# So when will ED of 335d begin?



## bimmer_fam (Apr 16, 2007)

Hydrogen - yes, hybrid - no AFAIK


----------



## Lovesound (Oct 7, 2007)

Any news on the 335d yet? :dunno:


----------



## Asteroid (Aug 17, 2005)

For a while there I thought I'd get the 335d. But if BMW insists on getting premium pricing for the diesel engine, at current diesel prices (about 5.30/gal today), I think I might just stay away. :thumbdwn:

I vote for bringing the 123d. Won't happen though.


----------



## chaz58 (Sep 11, 2007)

Yeah, once the initial excitement wears off I wonder how well that car will do.


----------



## crvlvr (Sep 11, 2007)

Where is BMW's hybrid? Or Electric? After all they claim to be the leaders in technology?


----------



## ss109 (Jul 1, 2006)

crvlvr said:


> Where is BMW's hybrid? Or Electric? After all they claim to be the leaders in technology?


It's been ready for many years. However, the world isn't ready for it yet.


----------



## Lovesound (Oct 7, 2007)

Any updates, new rumors or facts on the 33*5*d

I understand that the German 33*0*d will receive an upgrade...

With the upcoming E90 facelift the 330d is set to get its engine replaced by the all new 3.0 liter diesel powerplant that has just had its debut in brand new F01 730d. Again, we won't see that car in the U.S.


----------



## ss109 (Jul 1, 2006)

Lovesound said:


> Any updates, new rumors or facts on the 33*5*d
> 
> I understand that the German 33*0*d will receive an upgrade...
> 
> With the upcoming E90 facelift the 330d is set to get its engine replaced by the all new 3.0 liter diesel powerplant that has just had its debut in brand new F01 730d. Again, we won't see that car in the U.S.

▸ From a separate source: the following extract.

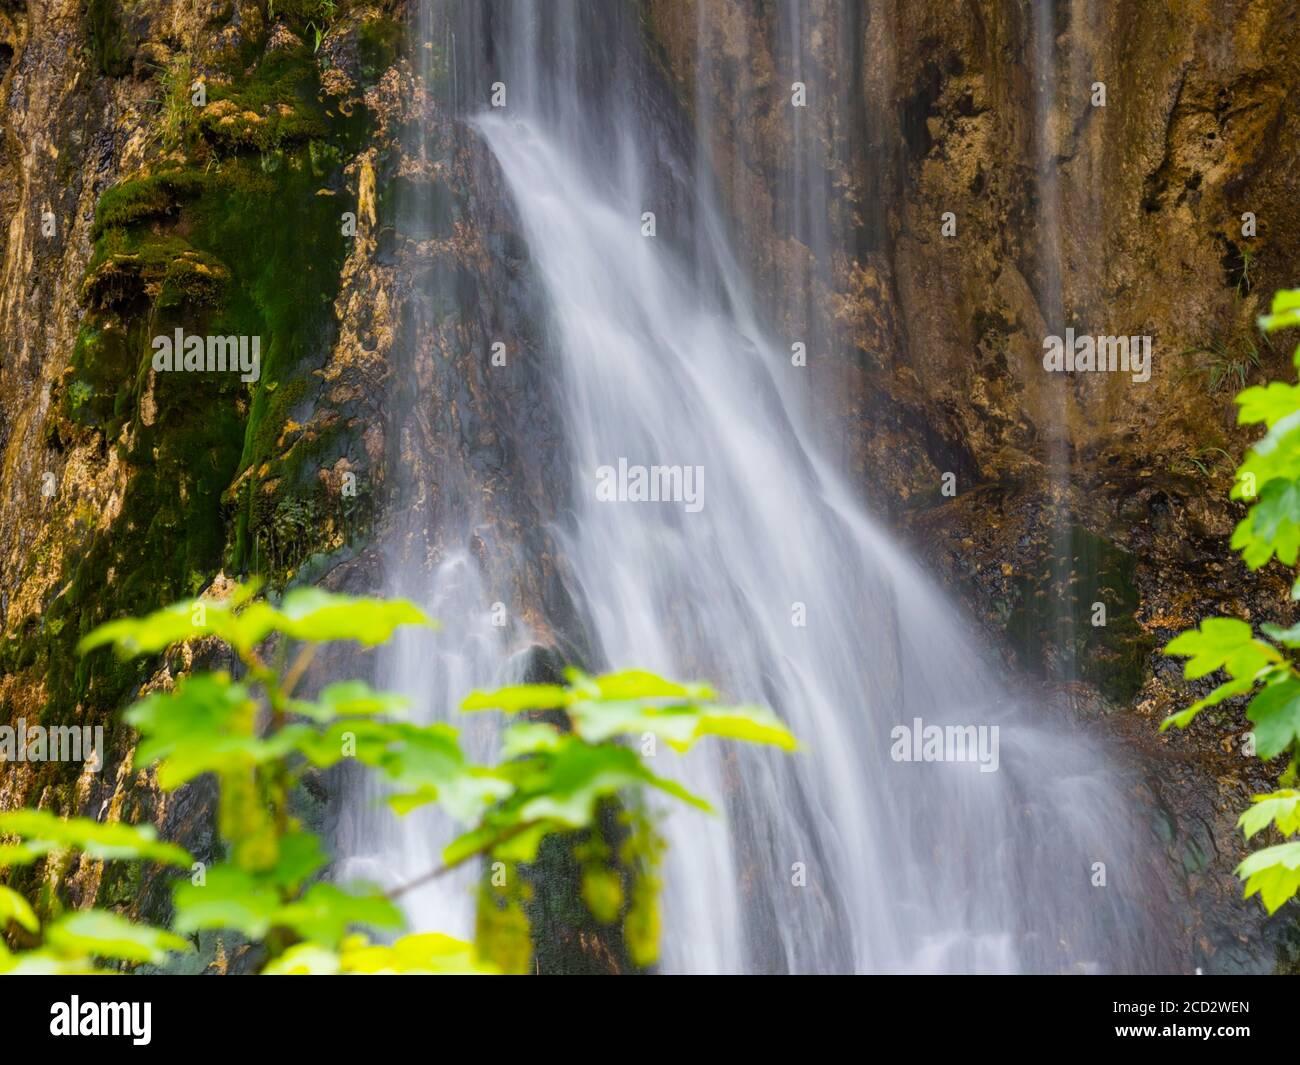 Parque nacional Lagos de Plitvice en Croacia Europa flujo de agua cascada escénico paisaje Foto de stock

In a recent press release, the US will be getting the new e90 335d with a 6-speed auto only.


----------



## bimmer_fam (Apr 16, 2007)

ss109 said:


> In a recent press release, the US will be getting the new e90 335d with a 6-speed auto only.


Sucks!


----------



## Lovesound (Oct 7, 2007)

There is no 335d with manual tranny. Nowhere. 335d = auto tranny.


----------



## ProRail (May 31, 2006)

beewang said:


> Not to change the subject away from BMW, but the 2nd Generation Honda Civic Hybrid (aka HCH2) that we purchased last year for my wife is one of the best car we owned.:thumbup:
> 
> Averaging 46 MPG and its very nice comfy car (and very very quiet). Its nice to travel between Eugene and L.A. and only have to make 1 gas stop and it'll travel round trip from L.A. to Vega$ without stopping for gas at all The $2K Tax Credit from Fed Goverment was nice too !!
> 
> *The only down side is that the car is so quiet, it is the ultimate assasin vehicle. As people don't move out your way as they don't hear ya coming. You can easily run people over if you are into that kind of stuff...:eeps:*


BTW, this is a real problem (especially if you're blind), to the extent that they are developing a sound system for hybrids that makes a sound like an engine.


----------



## BMW Fanatic (Jul 13, 2006)

Drove a 335d in the United States... see link below for more details and pics!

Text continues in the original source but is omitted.